According to another approach, a tubular surface design is provided having a configuration allowing change in annular volume based upon the traditional cambered airfoil mathematics, which is bi-directional rather than uni-directional as the cambered airfoil; said surface configured to generate differing fluid velocities irrespective of fluid motion being upwards, towards the surface or down, towards the end of the wellbore, of a drill string axis.

According to another approach the tubular surface can have the orientation of the reduced cross section functions with fluid movement towards the surface of a wellbore.

According to another approach the tubular surface design can have the orientation of the reduced cross section functions with fluid movement towards the bottom of a wellbore.

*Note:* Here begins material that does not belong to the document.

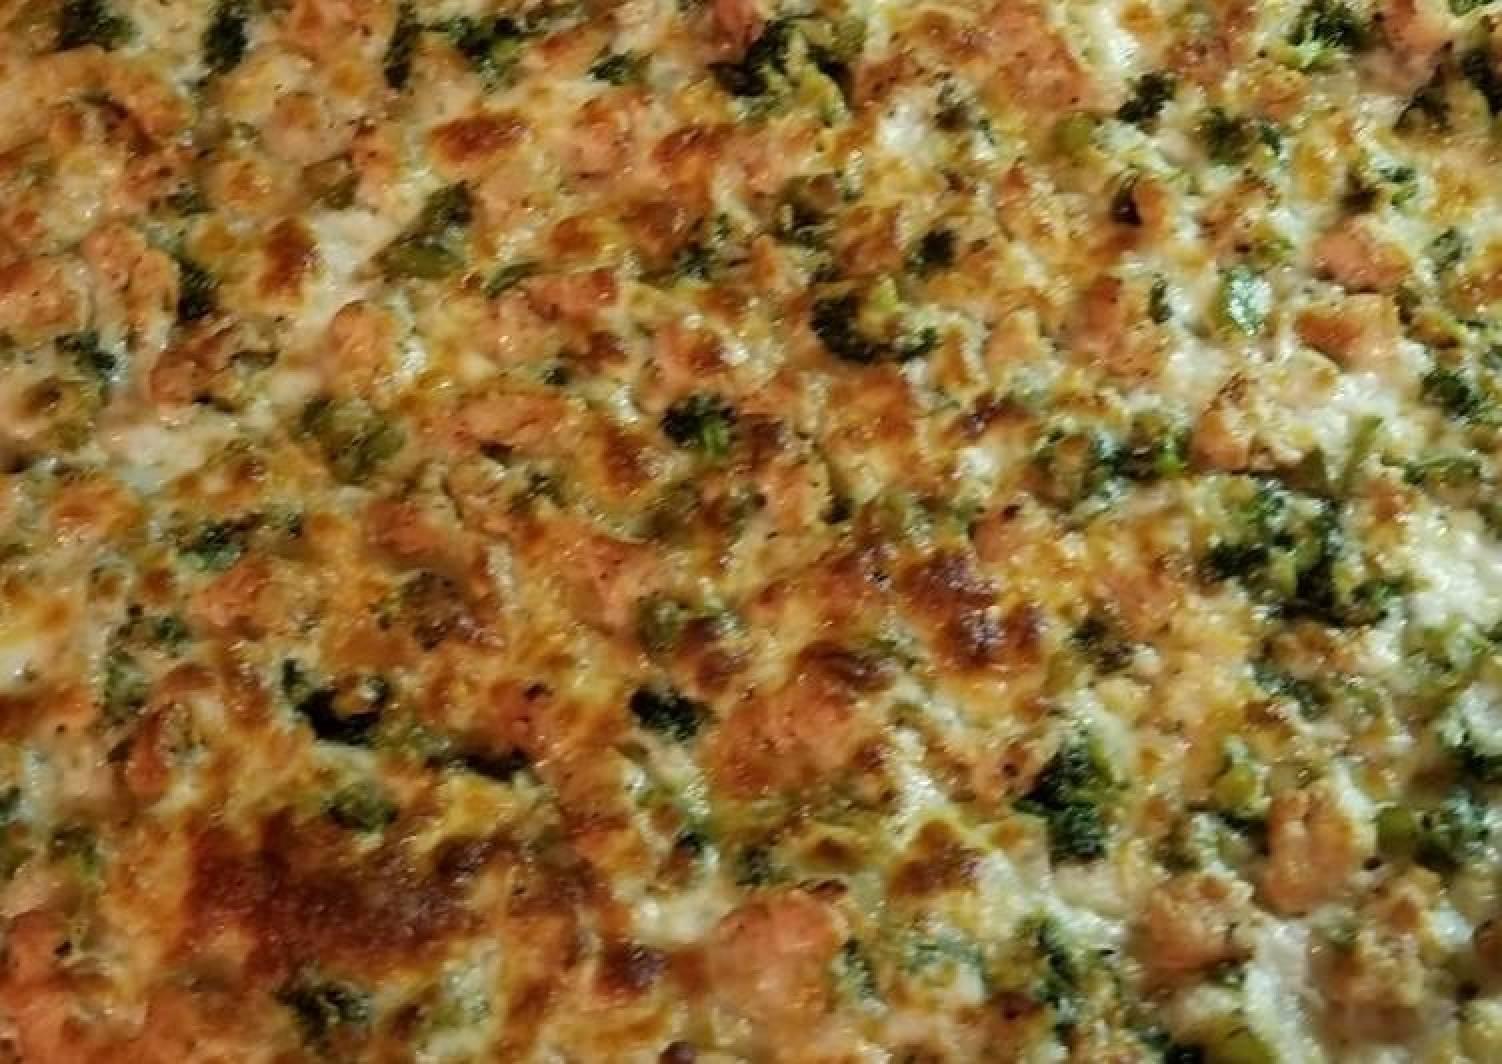 Sheik's Gourmet Pizza: Cajun Chicken Alfredo Pizza

According to another approach the tubular surface design can have the cambered airfoil feature disposed on drill pipe tubulars.

According to another approach the tubular surface design can have the cambered airfoil feature disposed on a drill collar.

According to another approach the tubular surface design can have the cambered airfoil feature disposed on a downhole motor housing, measurement while drilling tool housing or logging while drilling tool housing.

According to another approach the tubular surface design can have the cambered airfoil feature disposed on a hole opener, under-reamer or similar earth removal tool body.

According to another approach the tubular design can have the cambered airfoil feature disposed on a stabilizer or hole-conditioning tool.

According to another approach the cambered airfoil feature can be disposed on a crossover sub, pulsing sub, dampening sub, drilling jars or other downhole tool body or combinations thereof.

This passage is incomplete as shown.